The validity of the public debt of the United States, authorized by law, including debts incurred for payment of pensions and bounties for services in suppressing insurrection or rebellion, shall not be questioned. But neither the United States nor any state shall assume or pay any debt or obligation incurred in aid of insurrection or rebellion against the United States, or any claim for the loss or emancipation of any slave; but all such debts, obligations and claims shall be held illegal and void.
The Congress shall have power to enforce, by appropriate legislation, the provisions of this article.
The Fourteenth Amendment is usually heard in modern society when looking at voting laws and laws that may treat a member of another state differently than the residents of a state. More importantly, it is the civil rights amendment.
The jurisdiction test under the Fourteenth Amendment has been defined as:
In a recent opinion, a plurality of the Supreme Court addressed this argument: “The principal inquiry in cases of this sort is whether the defendant’s activities manifest an intention to submit to the power of a sovereign. . . . [A]s a general rule, it is not enough that the defendant might have predicted that its goods will reach the forum State.”

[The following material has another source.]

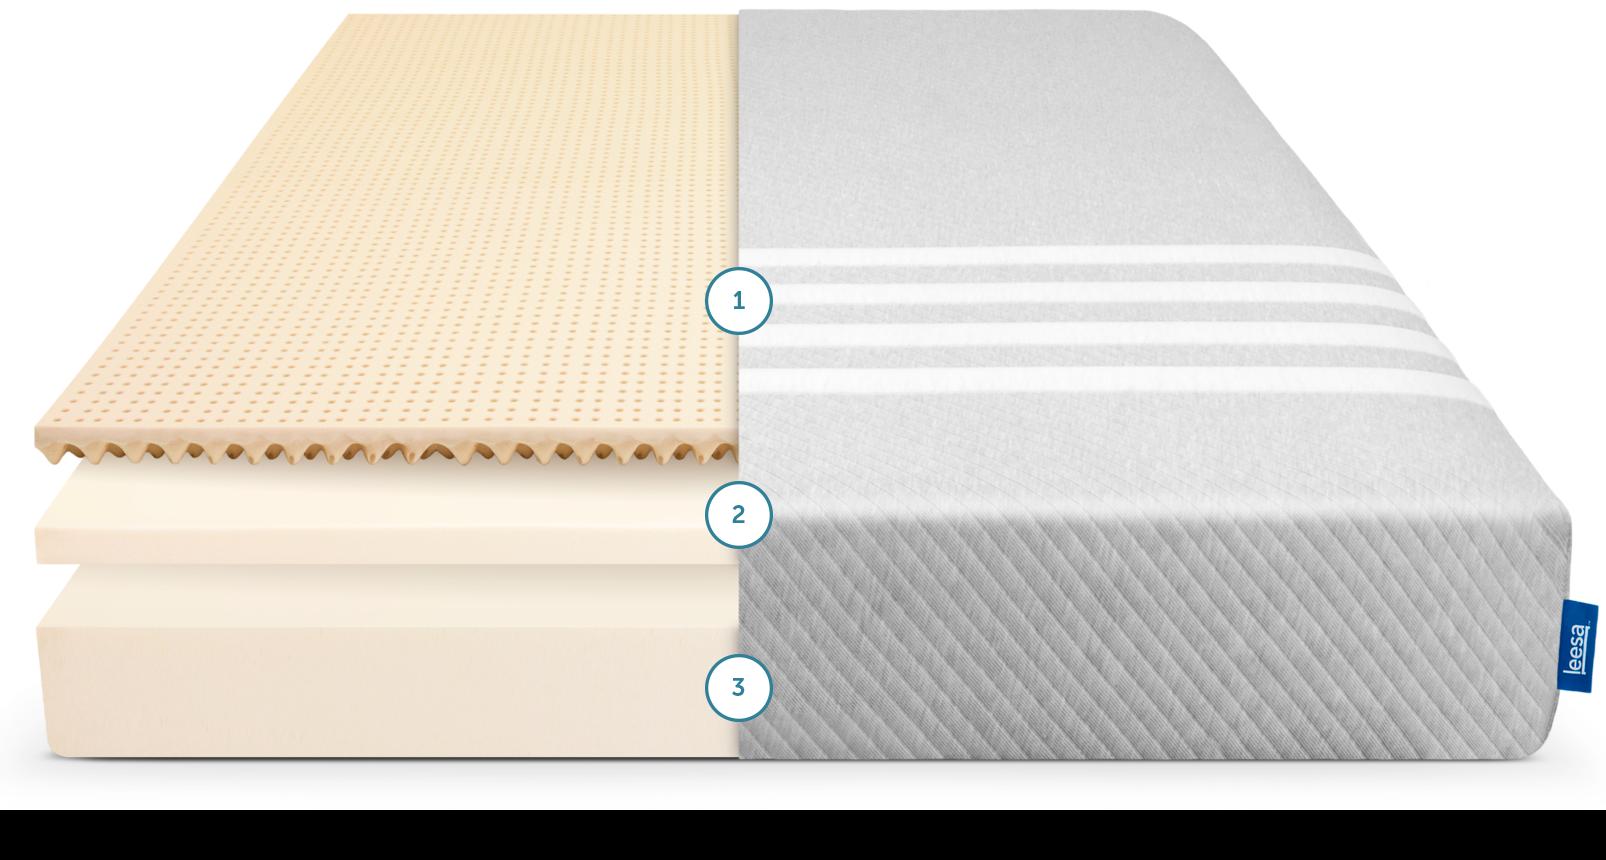 Memory Foam Mattress Cooling Supportive Comfortable Leesa Leesa Mattress Mattress Memory Foam Mattress

The Fourteenth Amendment protects defendants “without meaningful ties to the forum state from being subjected to binding judgments within in its jurisdiction” This is a two-part test, whether the defendant has (1) minimum contacts and (2) whether this analysis is reasonable. The test for minimum contacts is whether the defendant has sufficient contacts with the state to “justify the court’s exercise of personal jurisdiction.”
The reasonableness test is:
..whether the assertion of personal jurisdiction comports with ‘traditional notions of fair play and substantial justice’–that is, whether it is reasonable to exercise personal jurisdiction under the circumstances of the particular case.”
Again, the court found that the requirements for the defendant to be sued in New York in this case would violate the defendant’s Constitutional rights under the Fourteenth Amendment.
So Now What?
It is extremely difficult to explain, “minimum contacts” and how someone in one state can be sued in another. It is a nightmare in law school and one of the basic hurdles for first-year law students. students. Understand minimum contacts and continue moving down the path to being a lawyer.
Here is what you should come away with. As much as a manufacturer wants to sell products, doing so may cost you more than it is worth. Investigate the liability of selling in a state by looking at how easy it is to be drawn into a state court there, the number of products you have to sell there to justify the risk and whether your products are already there.
From a consumer standpoint, remember no matter how good the deal, if it goes bad, you just can’t walk down the street and exchange the broken product for a new one. Not much comes from China, Taiwan or Vietnam with a warranty. Any warranty is going to come from the US business that brings it in. If you bring it in, you are supplying the warranty.
No insurance follows most products from the foreign manufacturer as exemplified here. Consequently, if you are injured, you better have good health insurance because you won’t be recovering from the manufacturer. Make sure the money you save, pays for the health, life and disability insurance you may need.